Unlike a FC grade wire, which is a flux coated wire. I do not like this 
wire, because it has too much spatter. The MC grade has hardly no spatter, 
weld bead is flatter and you can cut the gas pressure back some.

The old school welders may be set in there ways, and only use the solid wire 
and stick flux wire. I ran into one old guy that still welds thin wall 
tubing with a buzz box with a lot of burn threw and lumps of weld bead and 
does not know or want to learn about any high tech welding methods.

Roland




----- Original Message ----- 
From: "David Dymaxion" <[email protected]>
To: "Electric Vehicle Discussion List" <[email protected]>
Sent: Wednesday, May 28, 2008 6:14 PM
Subject: [EVDL] MC grade welding rod?


> Another lister suggested the book "How to Weld Damn Near Anything." I 
> ordered it, and it is an excellent book.
> The book suggested using expensive "MC grade" welding rod for TIG welding. 
> It claimed this better rod would turn a mediocre welder into a great 
> welder. Well, I need all the help I can get, and like the idea of using 
> really high quality material anyway.
> My local welding shop, a well equipped shop, never heard of "MC grade," 
> nor did the other shop they called. So here are my questions:
> o Where can I find this "MC grade"
> o Is there something similar, like an aircraft grade?
> o Does it help to use expensive welding rod?
> As always, many thanks for the helpful info.
>
>
>
>
>
> _______________________________________________
> For subscription options, see
> http://lists.sjsu.edu/mailman/listinfo/ev
> 

_______________________________________________
For subscription options, see
http://lists.sjsu.edu/mailman/listinfo/ev


----------



## EVDL List (Jul 27, 2007)

never heard of MC grade, was this book british?.
tig is good as it gets I have never seen tig rod come in grades , only metal
types, mild steel, stainless so on, tig is the hardest to get good at.
great for rockets and little stuff a waste of time on a car frames or batt
box.
A monkey can be trained to wire feed, and anyone can stick if they have the
right rod for the job.
depends on what you are welding??

On Wed, May 28, 2008 at 7:14 PM, David Dymaxion <[email protected]>


> wrote:
> 
> > Another lister suggested the book "How to Weld Damn Near Anything." I
> > ordered it, and it is an excellent book.
> ...


----------



## EVDL List (Jul 27, 2007)

wow I spent a year in welding school and never used the term MC, we talked
flux core, but just called anything not flux core solid wire.
I thought he was talking about tig?
not wirefeed



> Roland Wiench <[email protected]> wrote:
> 
> > Hello David,
> >
> ...


----------



## EVDL List (Jul 27, 2007)

Why all this speculation when Google is at your fingertips?

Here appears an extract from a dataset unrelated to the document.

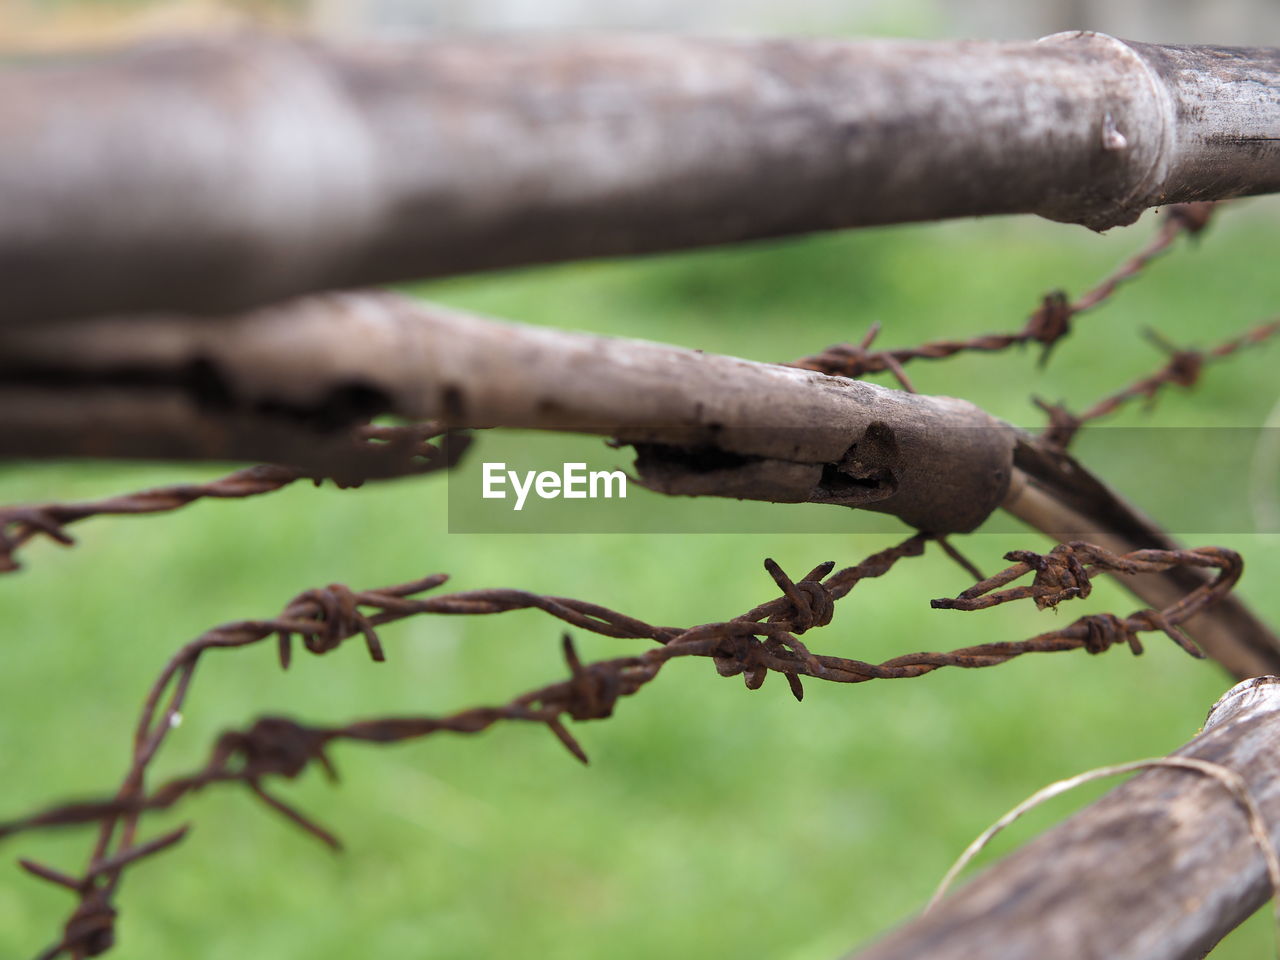 CLOSE-UP OF RUSTY BARBED WIRE ON TREE
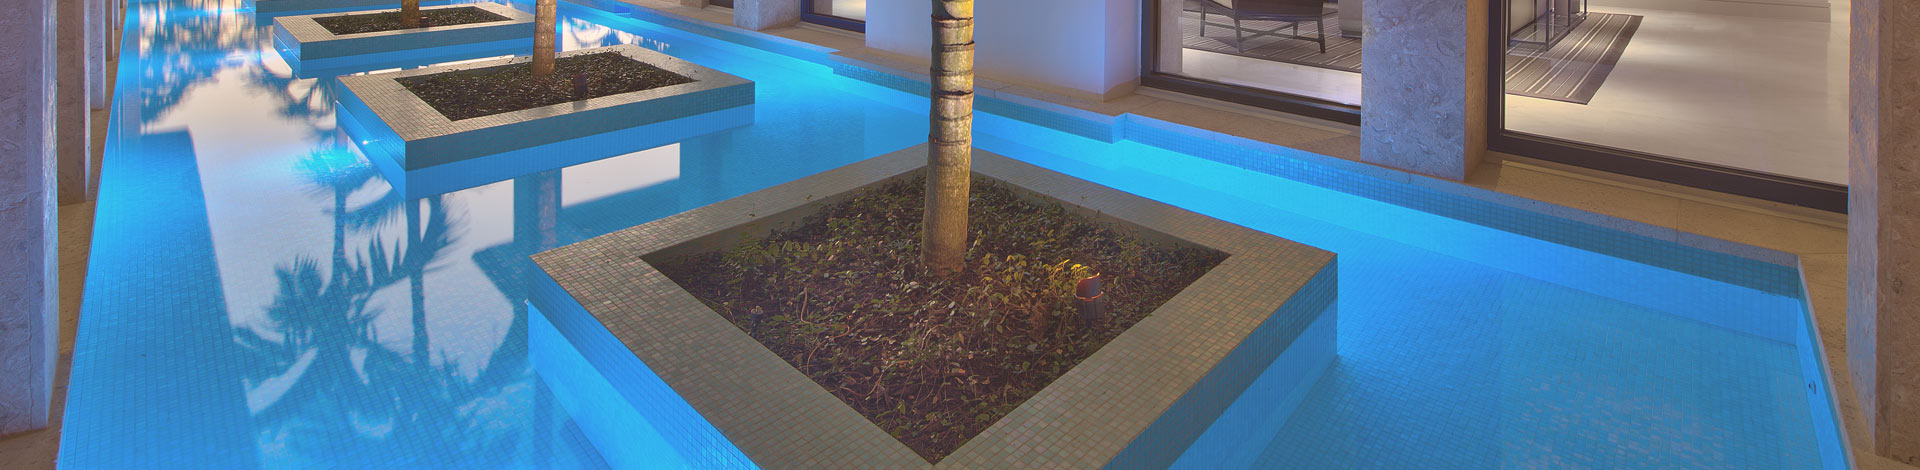 Pool with Trees | Outside Productions International

"MC-Grade" is actually a registered trademark

http://www.usweldingcorp.com/

Very first product hit

http://www.aircraftspruce.com/catalog/mepages/4130steelwire.php

In short, "MC-grade" means "really good sh*t" 

John

On Wed, 28 May 2008 21:17:16 -0500, "Randy Eckert" <[email protected]>


> wrote:
> 
> >never heard of MC grade, was this book british?.
> >tig is good as it gets I have never seen tig rod come in grades , only metal
> ...


----------



## EVDL List (Jul 27, 2007)

> Neon John <[email protected]> wrote:
> 
> >Why all this speculation when Google is at your fingertips?
> >
> ...


----------



## EVDL List (Jul 27, 2007)

Call me an old fart then,
I've been using TIG for 30 years. I like the fact that I can switch from
aluminum to steel to stainless at the flick of a switch and grab a different
rod. I've repaired cast aluminum crankcases and even nickel welded cast
iron. I think you get a much better weld with TIG then MIG. I always thought
MIG was good for body work but I am not sure it should be trusted for
structural work. I guess I am just stuck in my ways.

Mark Grasser
Eliot, ME

-----Original Message-----
From: [email protected] [mailto:[email protected]] On Behalf
Of Randy Eckert
Sent: Wednesday, May 28, 2008 10:17 PM
To: Electric Vehicle Discussion List
Subject: Re: [EVDL] MC grade welding rod?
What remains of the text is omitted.